= Hermann Hahn (architect) =

Hermann Hahn (full name Christian Friedrich Hermann Hahn; 21 March 1841 – 9 February 1929) was a German architect. Hahn lived and worked in Eisenach, where he reached importance, particularly through his plans (designs) of numerous completed villas in Eisenach's south quarter. These mansion districts were established on the hillsides of Mariental valley in the construction boom between 1850 and 1914.

==Life and work==
Hermann was born on 21 March 1841 in Eisenach. He was the eldest son of Wilhelm Hahn and his wife Maria Dorothea Bonewitz. He began a three-year apprenticeship in masonry, whitewash and stone cutting after completing secondary school in Eisenach. The Hahn family was established in the building industry in Eisenach as master masons, while the Bonewitz family had established themselves as leading fishmongers in Eisenach.

In 1859 Hermann began the traditional journeyman "Wanderschaft" period which took him firstly northwards to Bremen, via Kassel and Hannover; then to Munich where he was employed on the construction of St. Johann Baptist church (Haidhausen)). Later to Austria (Salzburg, and Vienna), Traveling to the Saxon Switzerland (Sächsische Schweiz) through Bohemia (Prague, Aussig). Thereafter by ship to Dresden before returning home.
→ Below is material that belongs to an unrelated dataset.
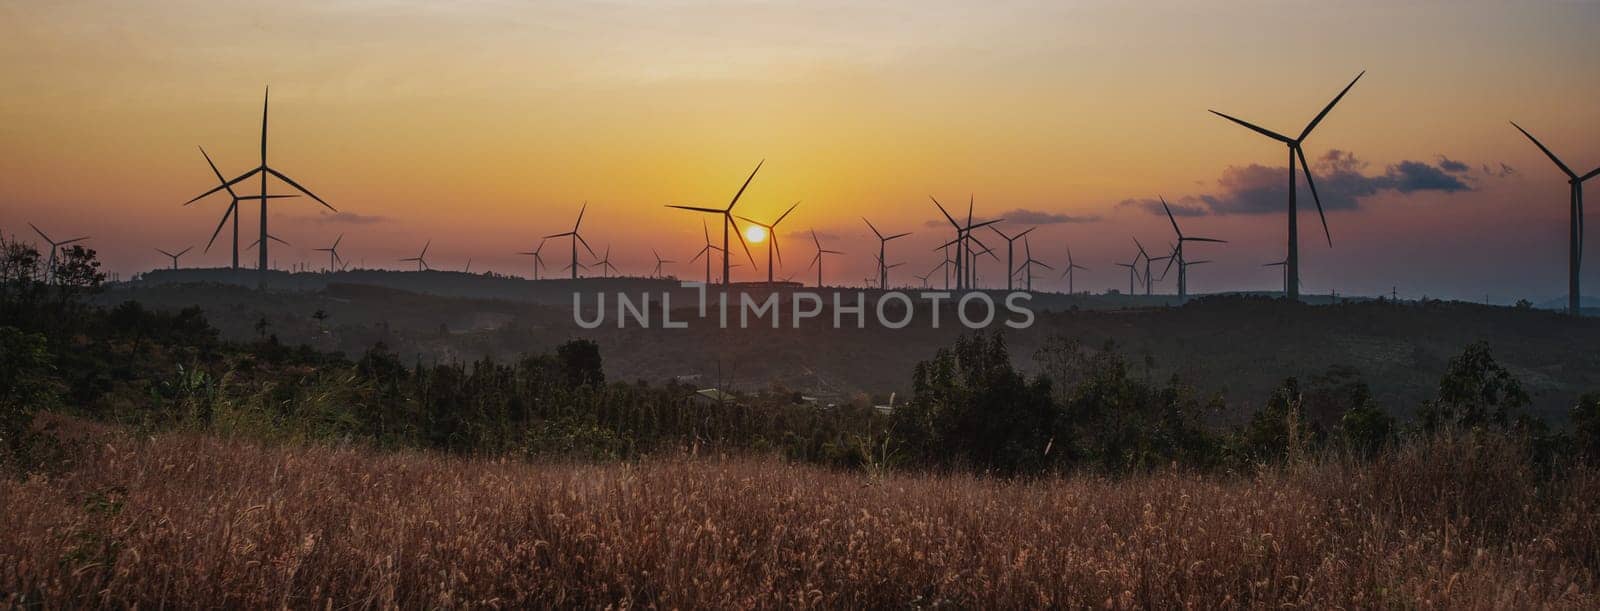 Beautiful landscape with wind turbines by GoodOlga

Hahn is listed as an architect on his registration of citizenship in June 1866. His civic works in Eisenach include the designs of the New Synagogue built in 1885, and the church tower of the St. George's Church built between 1899 and 1901.
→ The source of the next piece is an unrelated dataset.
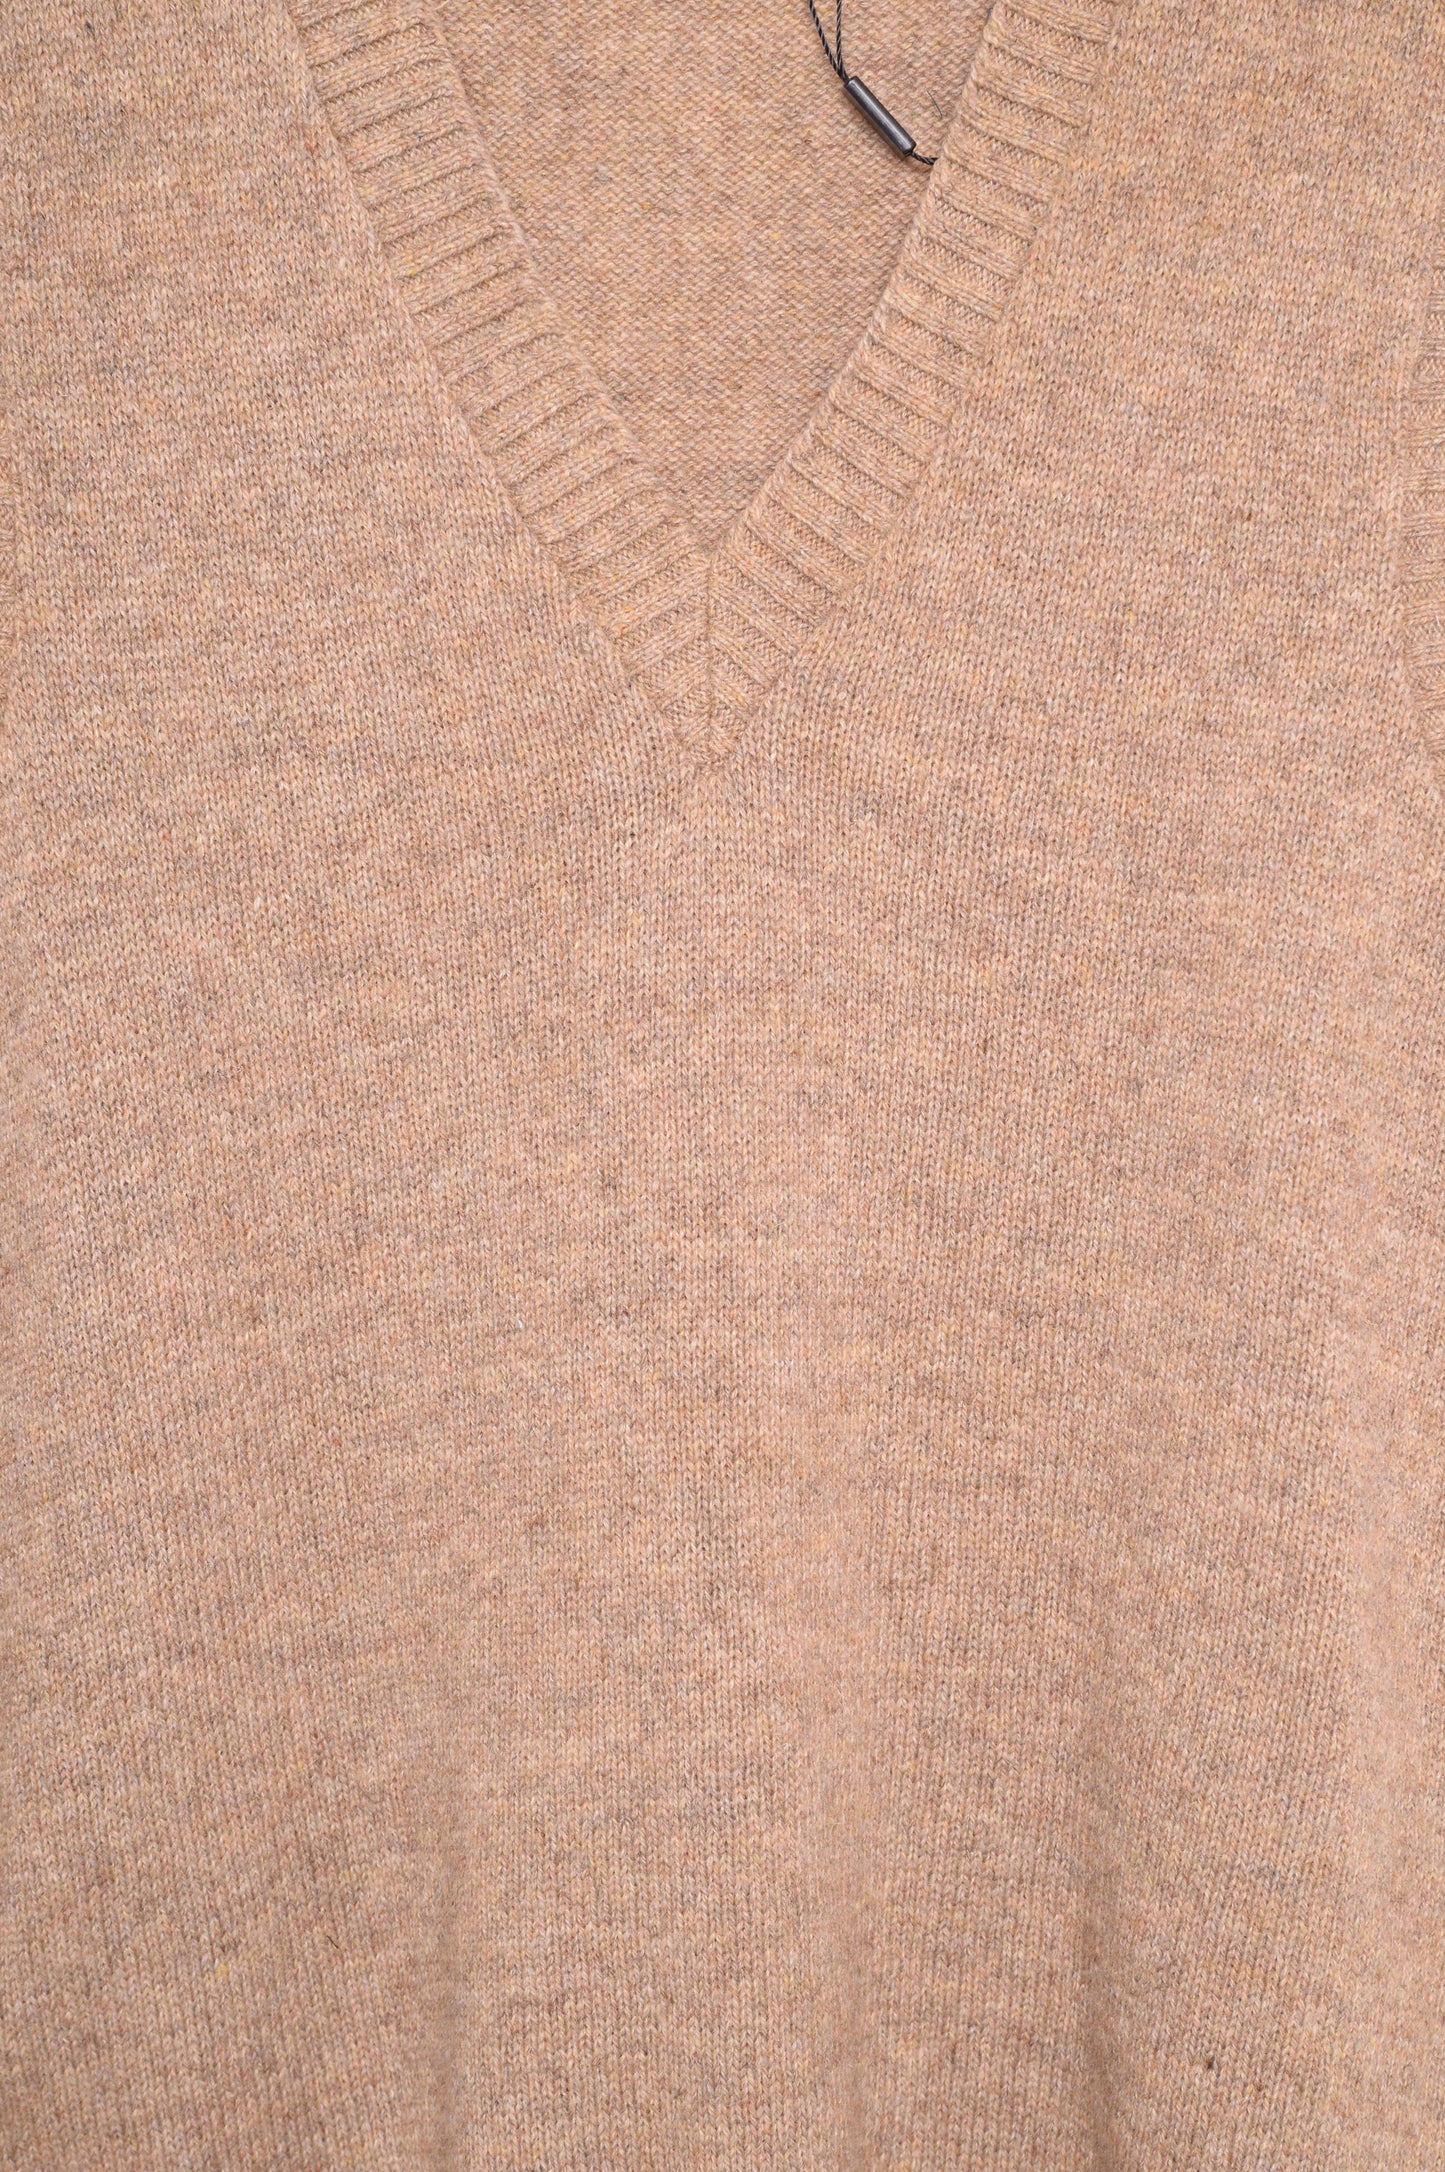 1980s Lambswool Sweater Vest

Hermann also designed or built schools in Eisenach Charlottenschule (now called Goetheschule), the Katherinenschule, and Elisabethenschule (now both Geschwister-Scholl-Schule), as well as schools in nearby villages of Stregda, Mihla, Stedtfeld, Ifta, Dankmarshausen, Kittelsthal.

The castle-like Villa Pflugensberg in Eisenach's cityscape and built for the industrial family von Eichel-Streiber is probably the most famous projects that Hermann Hahn was involved in. As construction manager, he built the mansion in 1890 from the designs of renowned Frankfurt architects Ludwig Neher and Aage von Kauffmann.